Studies also found a significant reduction in mortality rates following long-term testosterone therapy in men with hypogonadism and diabetes. More specifically, the untreated group had a mortality rate that was more than twice as high as the testosterone group’s. It also experienced more nonfatal myocardial infarctions.
Nonetheless, an increase in insulin sensitivity is most likely the primary mechanism underlying how testosterone therapy prevents diabetes. Testosterone increases the expression of the insulin receptor, the insulin receptor substrate 1, and the glucose transporter GLUT4, improving the efficiency of insulin-mediated glucose transport.
Worldwide, 451 million individuals (aged 18 and above) had diabetes in 2017, and the disease was responsible for 5 million fatalities. Also, diabetes-related medical costs worldwide are estimated to be between $850 and $1,300 billion.

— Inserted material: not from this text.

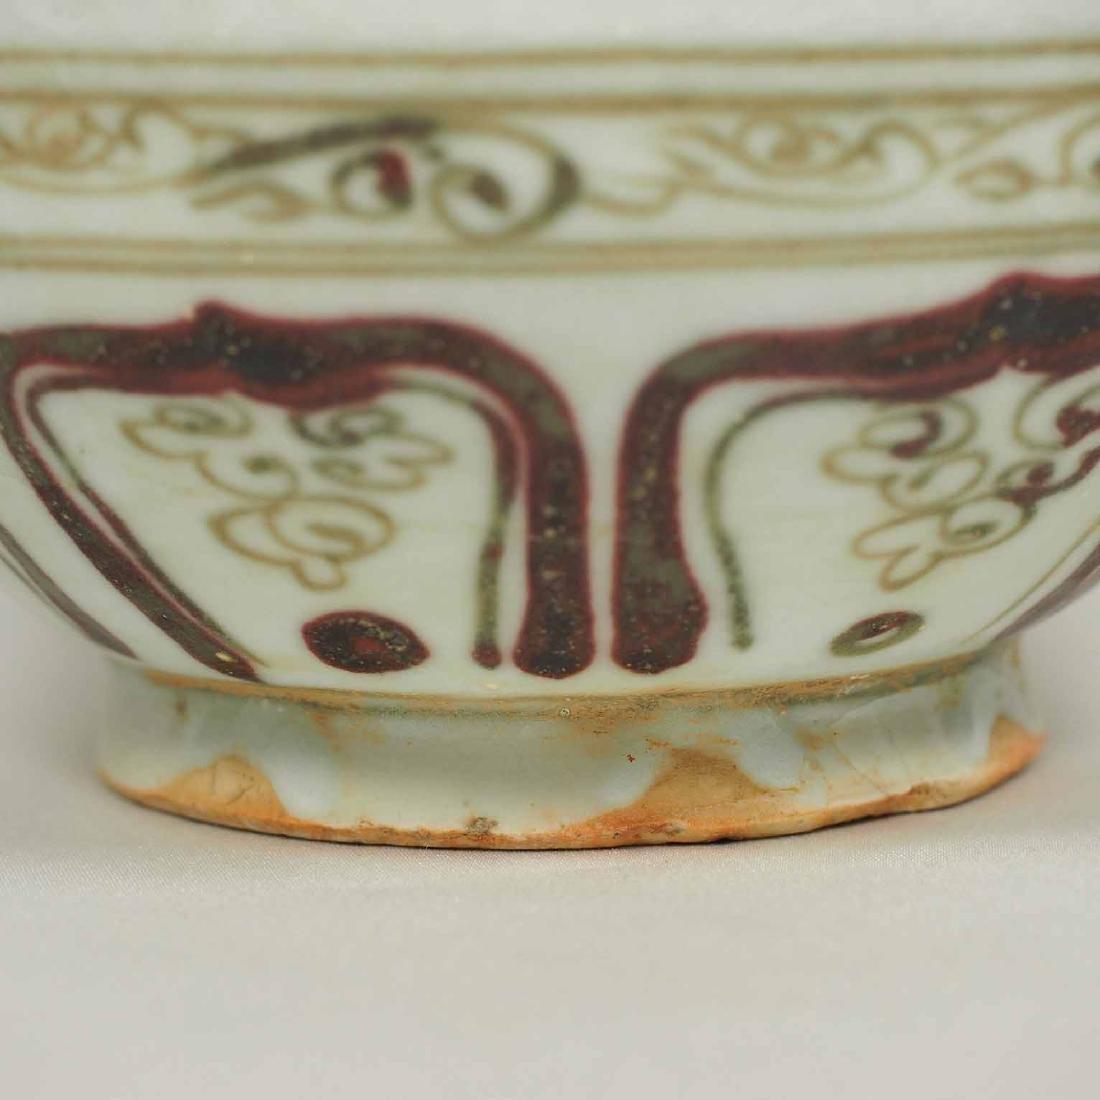 Yuhuchun Vase with Dragon Design, Yuan Dynasty - 7

The possibility that testosterone therapy might prevent prediabetes from developing into diabetes while being able to maintain normal blood sugar levels in prediabetic patients is a promising finding. The treatment offers an alternative or additional therapeutic option for metabolic disorders, given the frequent co-occurrence of hypogonadism and diabetes.
Yassin A Et Al. (2019). Testosterone Therapy in Men With Hypogonadism Prevents Progression From Pre Diabetes to Type 2 Diabetes: Eight-year Data From a Registry Study. American Diabetes Association.